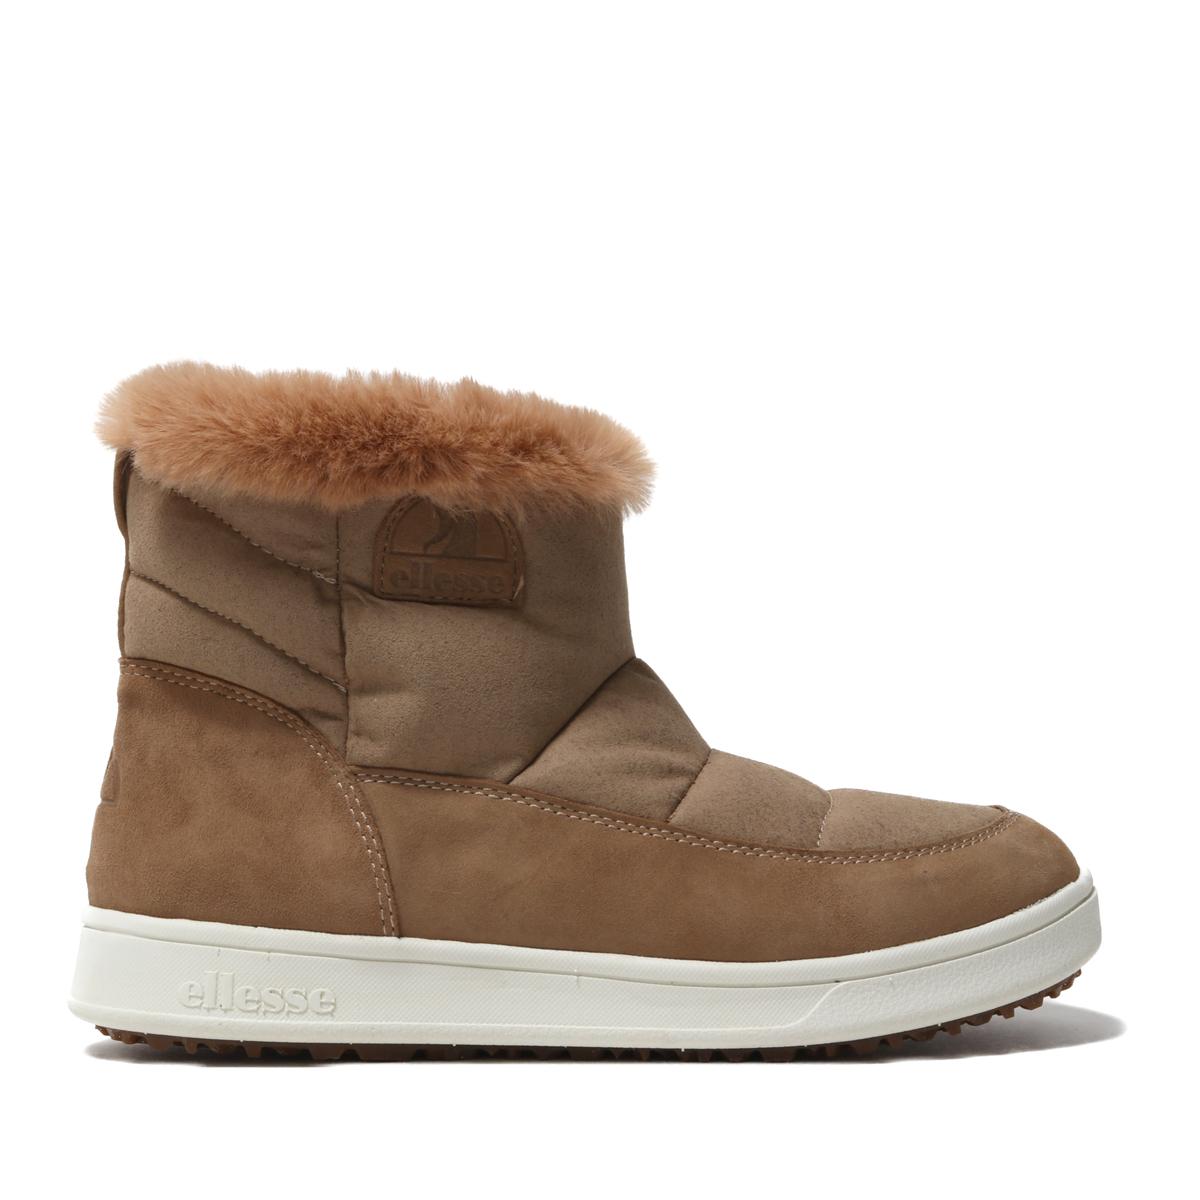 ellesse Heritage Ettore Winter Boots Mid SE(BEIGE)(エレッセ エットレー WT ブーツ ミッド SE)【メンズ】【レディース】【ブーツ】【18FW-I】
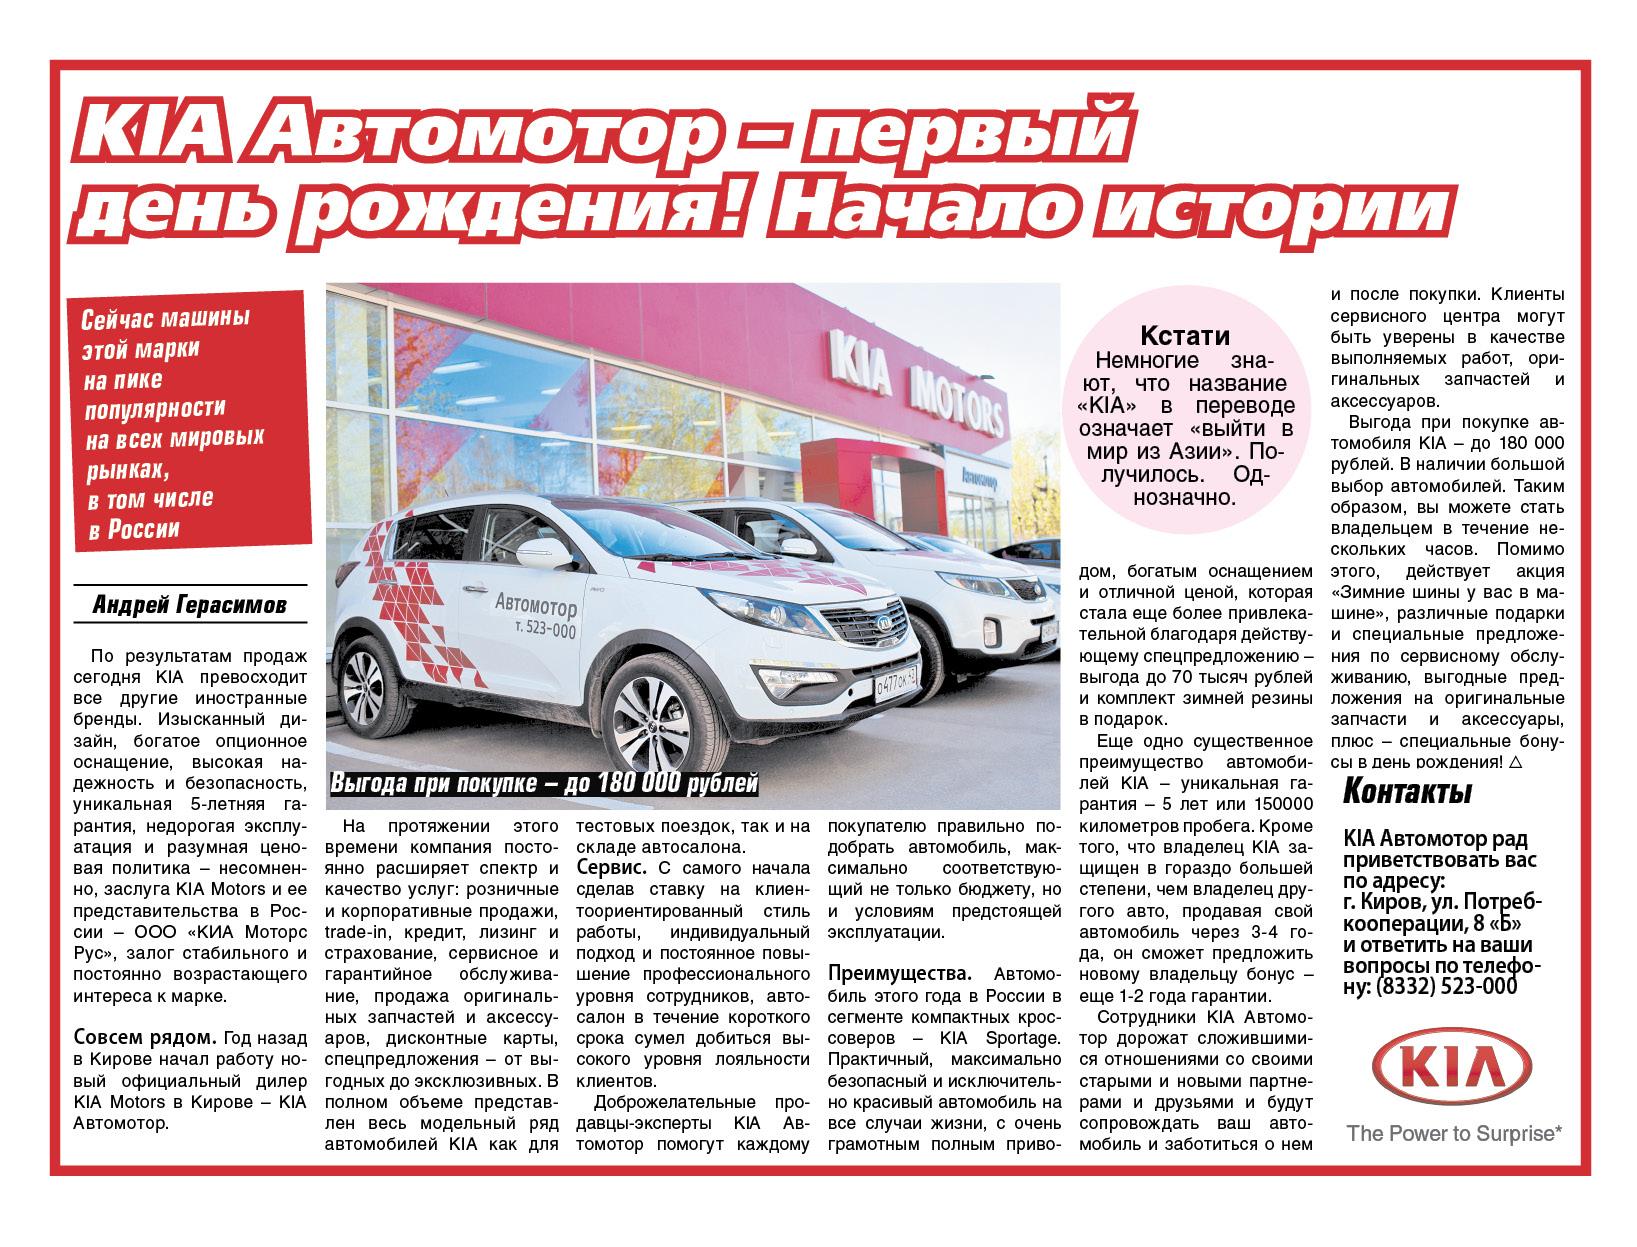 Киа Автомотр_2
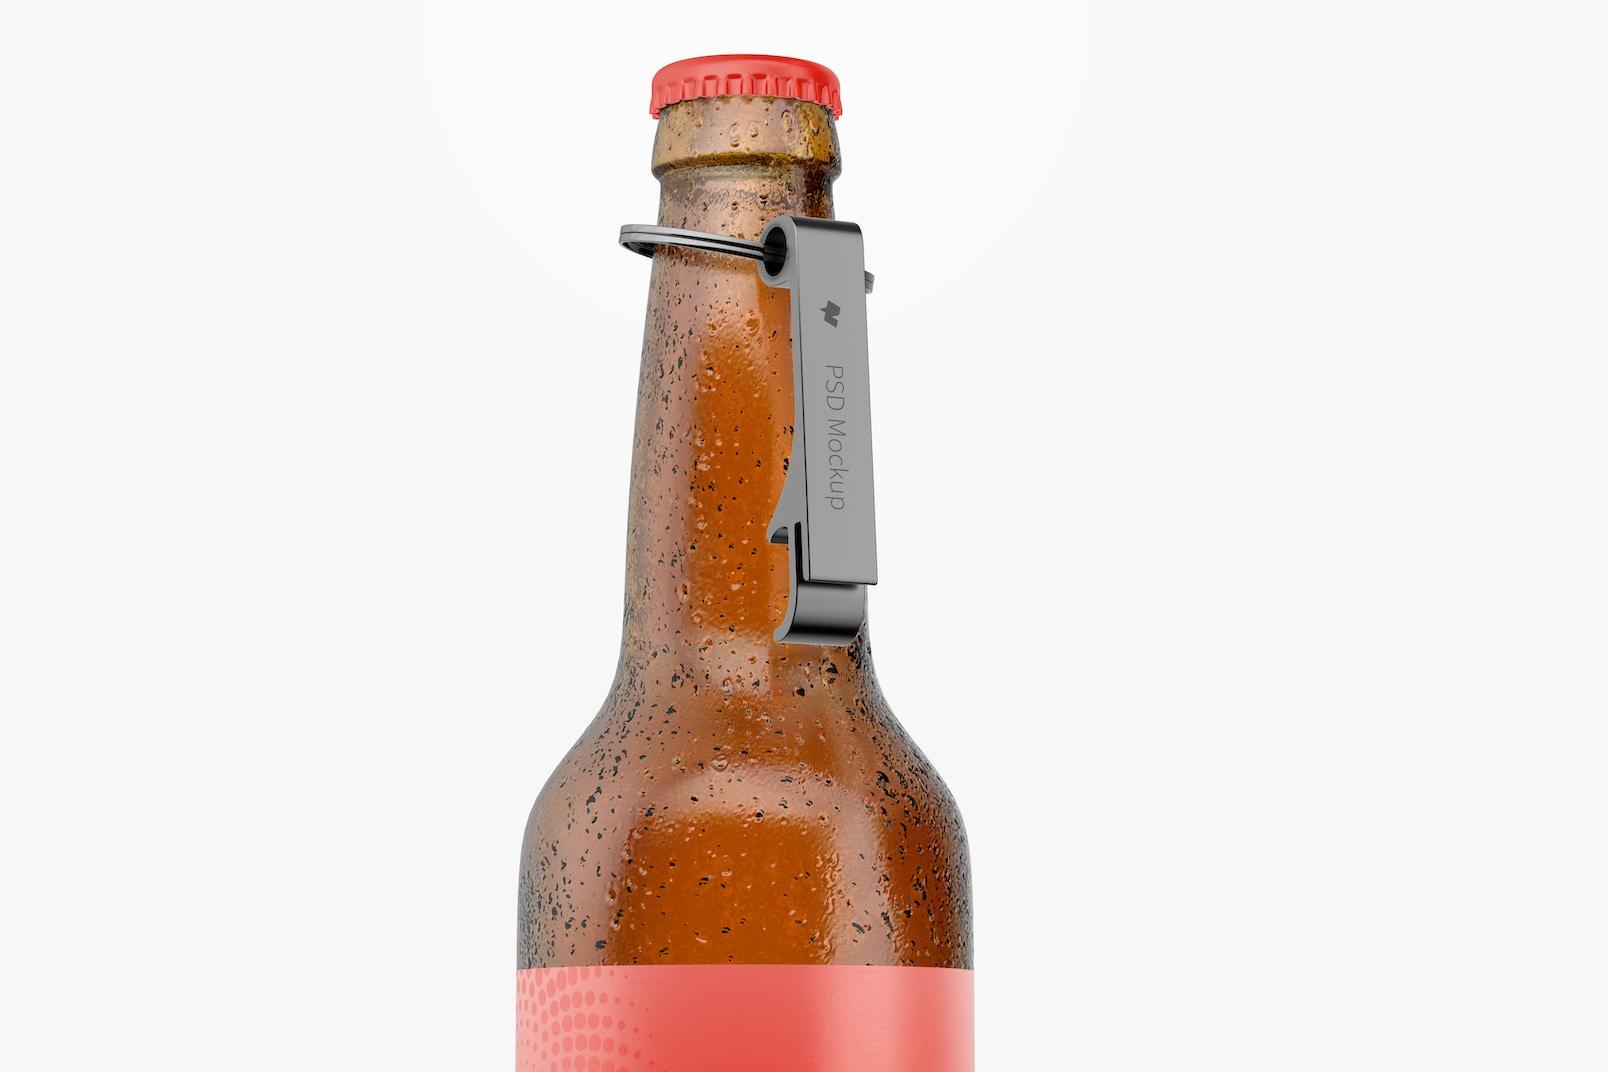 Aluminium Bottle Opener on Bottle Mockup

_ _ _ _ _

From the first line to the last, copy the listing above exactly, dropping all images.

■ RESULT FOR THIS TASK
 ellesse Heritage Ettore Winter Boots Mid SE(BEIGE)(エレッセ エットレー WT ブーツ ミッド SE)【メンズ】【レディース】【ブーツ】【18FW-I】
 Киа Автомотр_2
 Aluminium Bottle Opener on Bottle Mockup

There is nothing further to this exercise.